MIR99AHG is translocated from the cytoplasm to the nucleus following IL-4/IL-13 stimulation and interacts with hnRNPA2/B1 in murine macrophages. (A) RT-qPCR analysis of RNAs purified from nuclear and cytoplasm compartments in BMDMs stimulated with IL-4/IL-13 for 4h. Data are representative of three independent experiments. (B) The six most enriched proteins associated with MIR99AHG identified by affinity purification and mass spectrometry in ASO treated BMDMs prestimulated with IL-4/IL-13 for 4 h and infected with Mtb HN878 for 24 h. Data are representative of three independent experiments. (C) hnRNPA2/B1 RIP followed by mRNA expression of MIR99AHG by RT-qPCR in anti-hnRNPA2/B1 antibody or control IgG immunoprecipitates from nuclear lysates of macrophages prestimulated with IL-4/IL-13 for 4 h and infected with Mtb HN878 for 24 h. (D) Western blot of hnRNPA2/B1 in Input, anti-hnRNPA2/B1 antibody, and control IgG immunoprecipitates from nuclear lysates of macrophages prestimulated with IL-4/IL-13 for 4 h and infected with Mtb HN878 for 24 h. (E–G) BMDMs were ASO transfected with locked nucleic acid control and ASO-MIR99AHG for 48 h and infected with Mtb HN878 for 4 and 24 h. (E, F) Venn diagrams displaying up- and downregulated genes between control ASO-MIR99AHG at 4 and 24 h post Mtb infection.

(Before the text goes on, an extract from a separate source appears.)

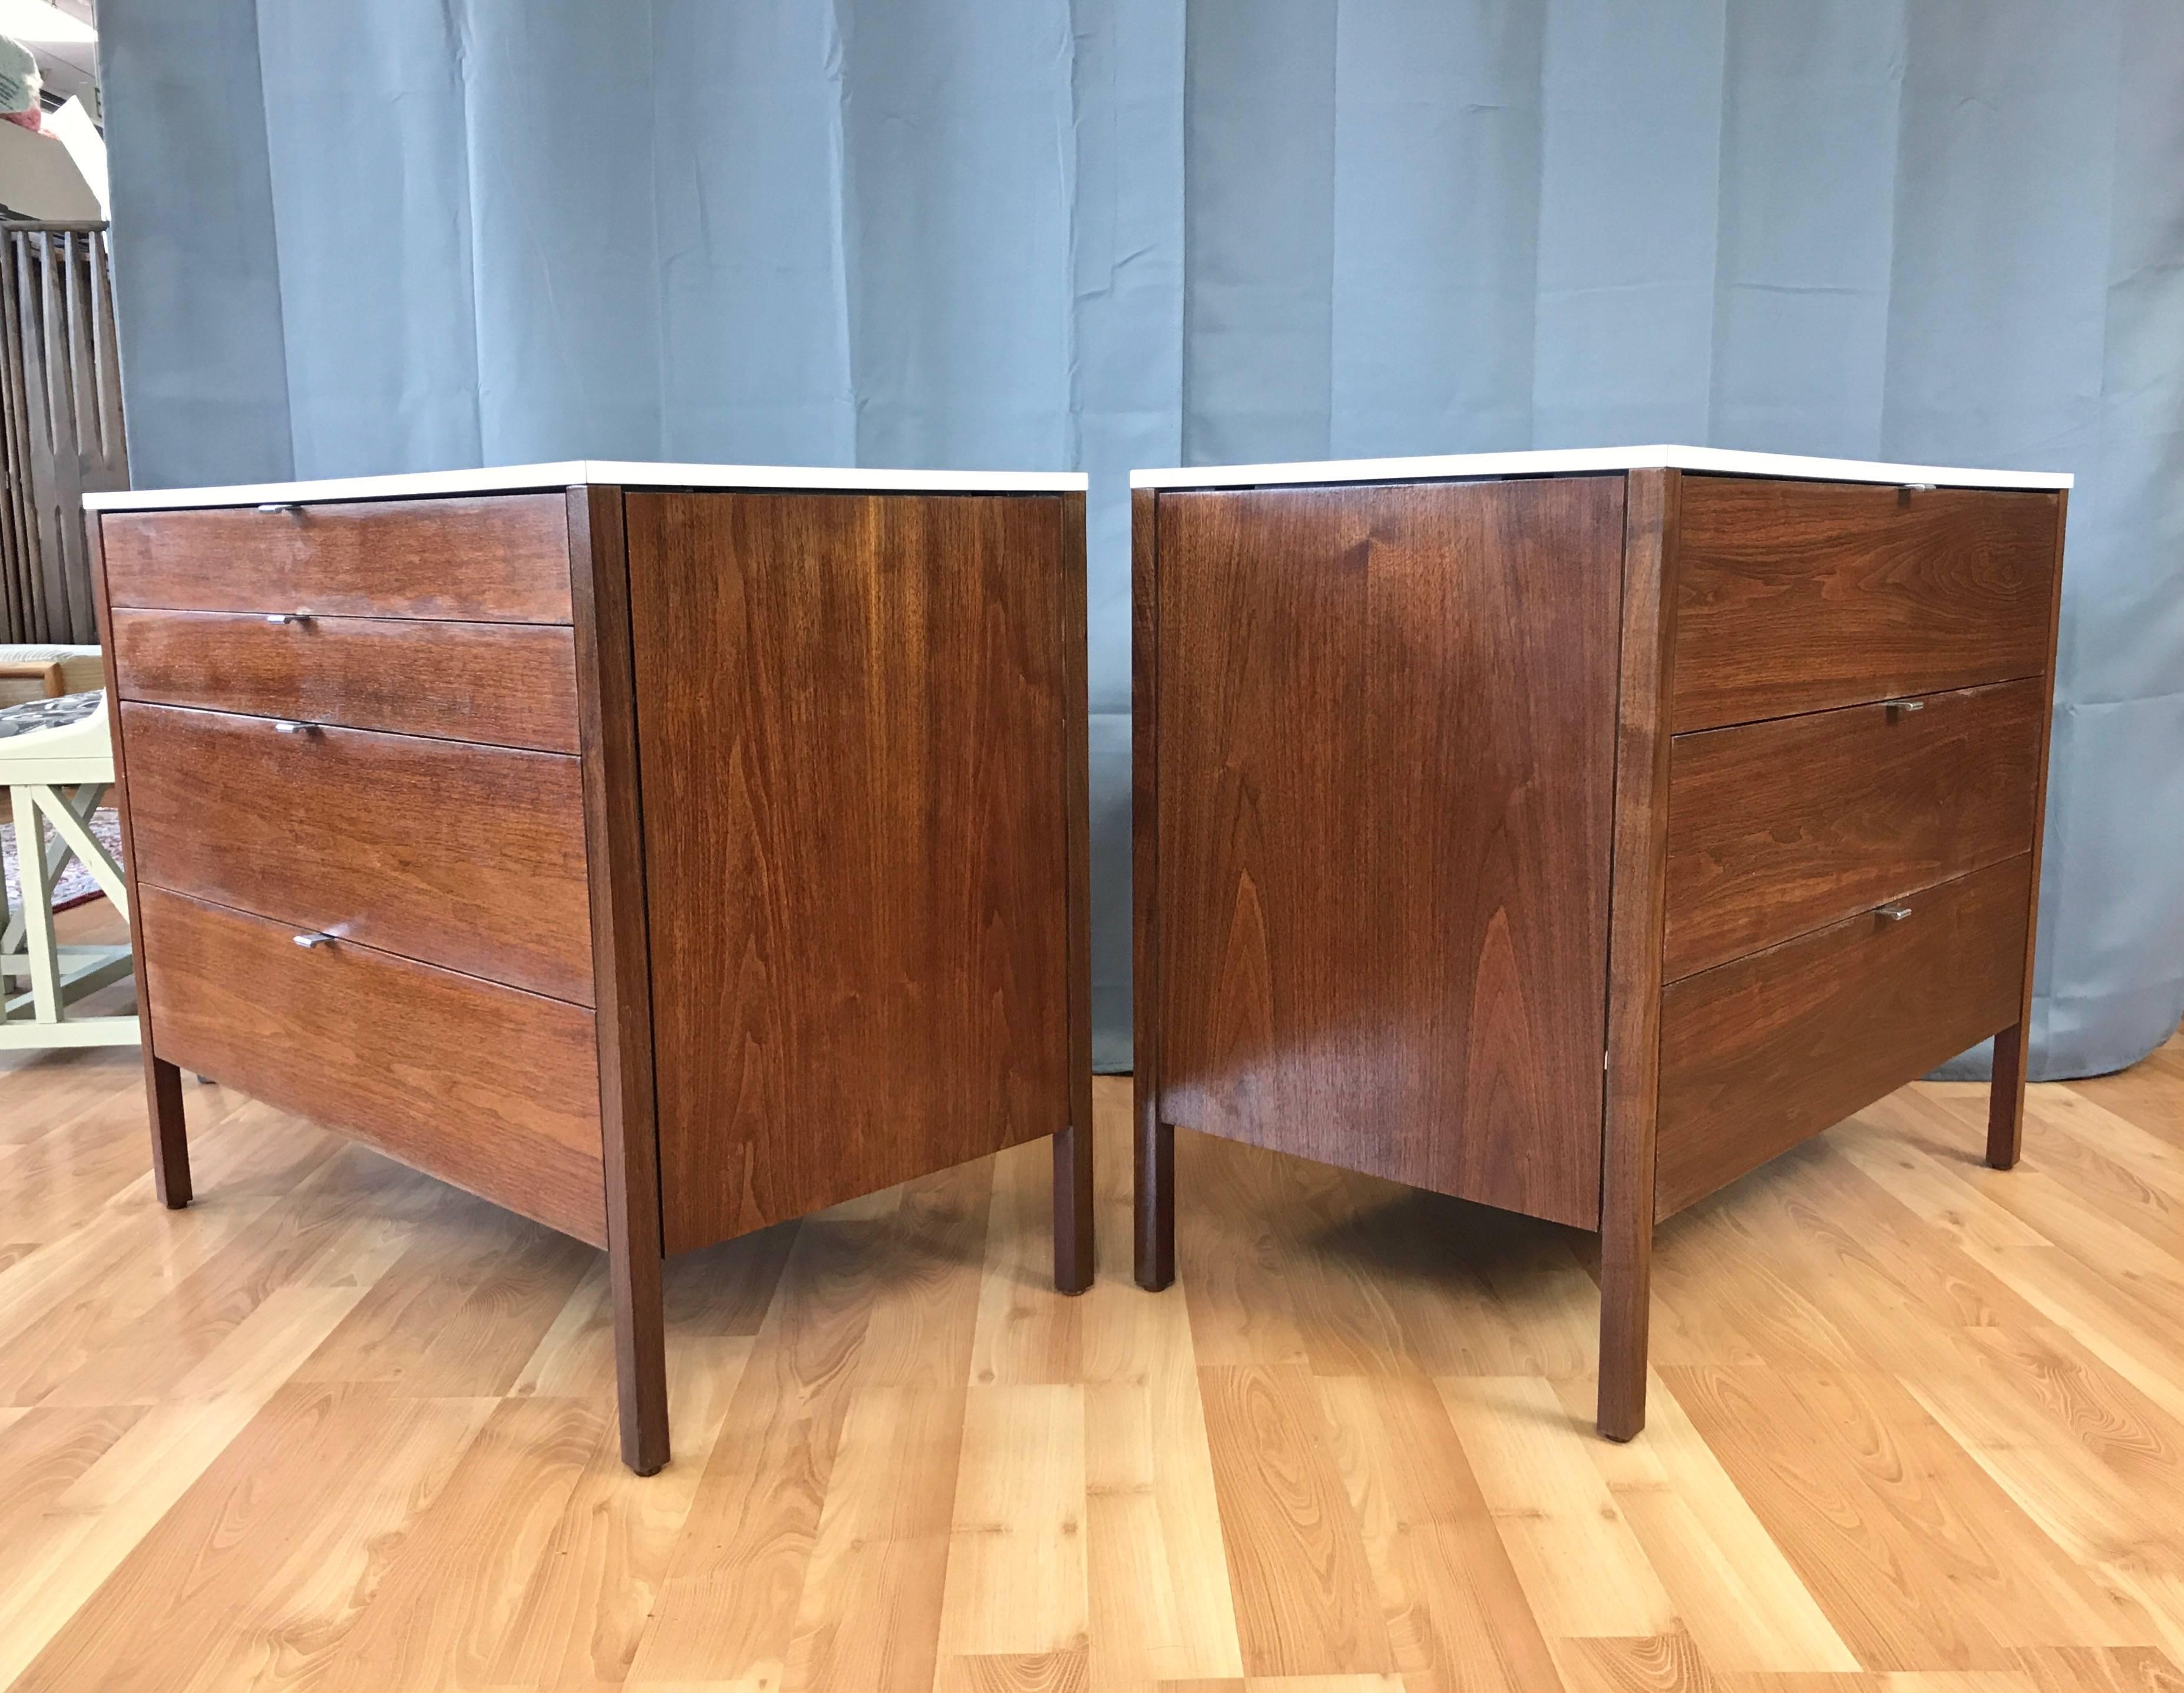 Two Mid-Century Modern walnut dressers or nightstands with white laminate tops designed by Florence Knoll for Knoll Associates in 1957.

Knoll’s signature Minimalist design aesthetic is perfectly expressed by these handsome chests, one with four

Data are representative of three independent experiments. (G) Heatmap representative of genes commonly upregulated and downregulated at 4 and 24 h post Mtb infection. Each row (gene) was centered on the mean expression value across all samples. Data are representative of three independent experiments. Data shown are mean of three replicates. Data are expressed as mean ± SD (A, C) of triplicates. P values represented as ***P < 0.001 and ****P < 0.0001, Student's t-test. RIP, RNA immunoprecipitation.